Arbeitgeber mit Sitz im In- oder Ausland sind verpflichtet, ihren im Inland beschäftigten Arbeitnehmern ein Arbeitsentgelt mindestens in Höhe des Mindestlohns zu zahlen (§ 20 MiLoG).
Das BAG hat zutreffend entschieden, dass die Verpflichtung zur Zahlung des gesetzlichen Mindestlohns nach § 20 i. V. m. § 1 MiLoG auch ausländische Arbeitgeber trifft, wenn sie Arbeitnehmer nach Deutschland entsenden (BAG, Urt. v. 24.6.2021 – 5 AZR 505/20). Dies ergibt sich daraus, dass es sich bei den Vorschriften des MiLoG um Eingriffsnormen i. S. v. Art. 9 Abs. 1 der Verordnung (EG) Nr. 593/2008 des Europäischen Parlaments und des Rates vom 17.6.2008 über das auf vertragliche Schuldverhältnisse anzuwendende Recht (Rom I-VO) handelt.
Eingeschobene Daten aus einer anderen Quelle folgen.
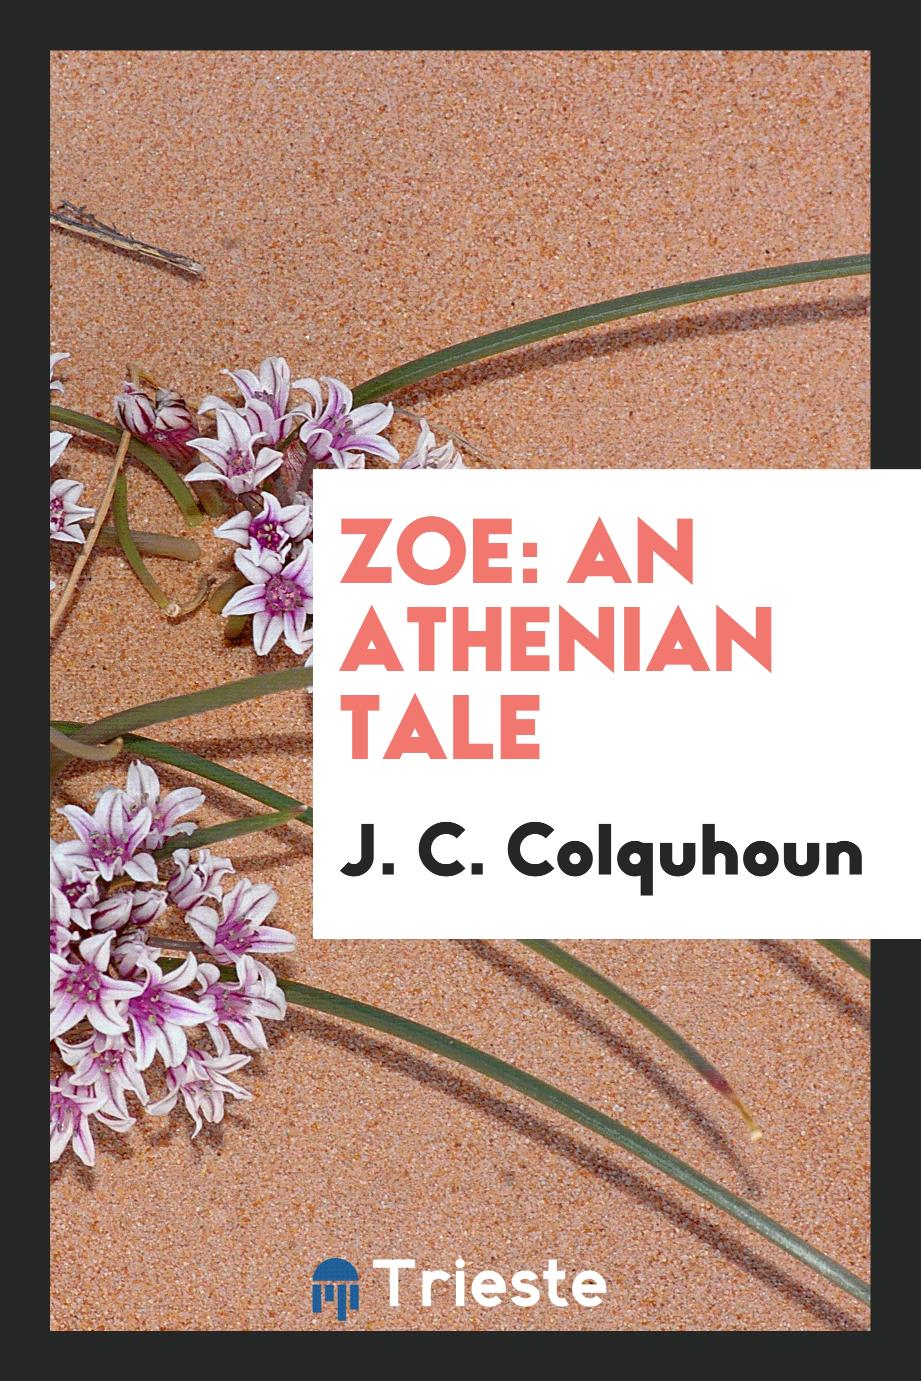 Zoe: An Athenian Tale

Gemäß Art. 9 Abs. 1 Rom I-VO ist eine Eingriffsnorm eine zwingende Vorschrift, deren Einhaltung von einem Staat als so entscheidend für die Wahrung seines öffentlichen Interesses, insbesondere seiner politischen, sozialen oder wirtschaftlichen Organisation, angesehen wird, dass sie ungeachtet des nach Maßgabe dieser Verordnung auf den Vertrag anzuwendenden Rechts auf alle Sachverhalte anzuwenden ist, die in ihren Anwendungsbereich fallen. Beim MiLoG handelt es sich um eine solche Eingriffsnorm i. S. v. Art. 9 Abs. 1 Rom I-VO, die unabhängig davon gilt, ob ansonsten auf das Arbeitsverhältnis deutsches oder ausländisches Recht Anwendung findet (BAG, Urt. v. 24.6.2021 – 5 AZR 505/20).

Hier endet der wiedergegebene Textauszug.